Eric Babak Alles, was in dem Bild gezeigt wird, kann auch zu hören sein, wenn es für Yadegar Asisis Inszenierung von Bedeutung ist. Im Film sind das die Geräusche, die die Szenen authentisch machen. Die Panoramamusik führt die Besucher durch das Bild. Licht und Musik sind genau aufeinander abgestimmt. Bei Bildern mit einem Tag und Nacht Wechsel wird das natürlich auch unterstützt. Manchmal ist es für eine Weile einfach still, oder es zwitschern nur die Vögel, oder es regnet, auch das kann Ruhe erzeugen. Insgesamt läuft der Sound im Tag-Nacht-Rhythmus etwa 15-20 Minuten pro Durchgang, aber viele Besucher bleiben viel länger für mehrere Durchgänge und entdecken auf ihren Rundgängen immer wieder neue Details im Panorama und in der Musik.

ThreeSixO Im Bereich der klassischen Musik gibt es die symphonische Dichtung, Musik, die ohne Worte erzählt. Ihre Panoramamusik scheint mir ähnlich zu sein, vor allem wenn man bedenkt, welch tiefe emotionale Wirkung sie auf das Publikum hat. Wenn man die Besuchenden beobachtet, kann man sehen, wie sie allein durch den Anblick und den Klang mitgerissen werden. Wie gehen Sie beim Komponieren von Emotionen vor?
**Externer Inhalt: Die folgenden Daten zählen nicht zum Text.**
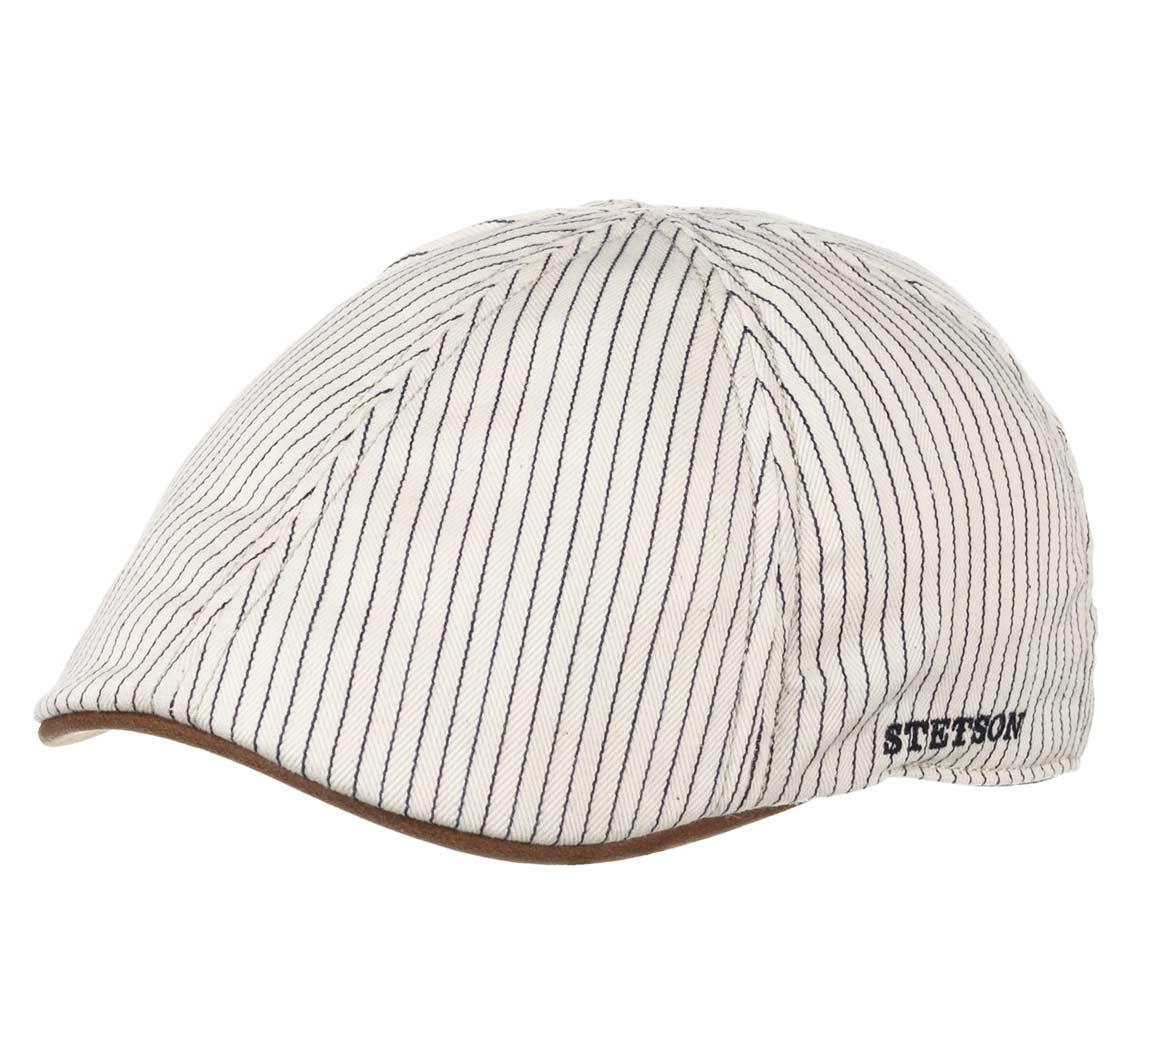 Texas Stripe - Caps Stetson cd4018d678f

Eric Babak Um ehrlich zu sein, weiß ich das nicht genau. Ich will gar nicht verstehen, wie es entsteht. Ich wehre mich immer dagegen zu analysieren, wie es entsteht, es muss aus einer Leichtigkeit, einer Unbeschwertheit heraus entstehen. Meine Zusammenarbeit mit Yadegar Asisi ist sehr spontan und der ständige Austausch inspiriert sofort zu neuen Ideen. Wir entwickeln gemeinsam das Konzept vom Soundtrack, und ich hatte noch nie das Gefühl, dass ich mich im Ergebnis verbiegen musste. Er hat sehr klare Vorstellungen wie sein Bild klingen soll, und ein sehr feines Gespür bezüglich der Intensität der Emotionen. Das können Gedanken sein wie beispielsweise Traurigkeit mit einem Hoffnungsschimmer oder Freude mit einem Hauch von Sorge. Dies umzusetzen ist ein spannender Vorgang für mich. Glücklicherweise stimmen unsere Vorstellungen darüber überein, wie es klingen soll, welche Emotionen es hervorrufen soll. Nach unseren Gesprächen kristallisiert sich für mich immer eine Idee klare heraus. Erst wenn es im Kopf fertig ist, gehe ich ins Studio für die Umsetzung, weil ich die Musik dann mit Orchester und Chören aufnehme. Für mich ist wichtig, dass das Bild für Yadegar so klingt wie er es im Kopf hatte, dann ist meine Mission erfüllt. Ich freue mich auf jedes neue Werk als wäre es das erste. Wenn man dann die Besucher mit staunenden Augen sieht, und hier und da eine Träne, ist das ein toller Moment.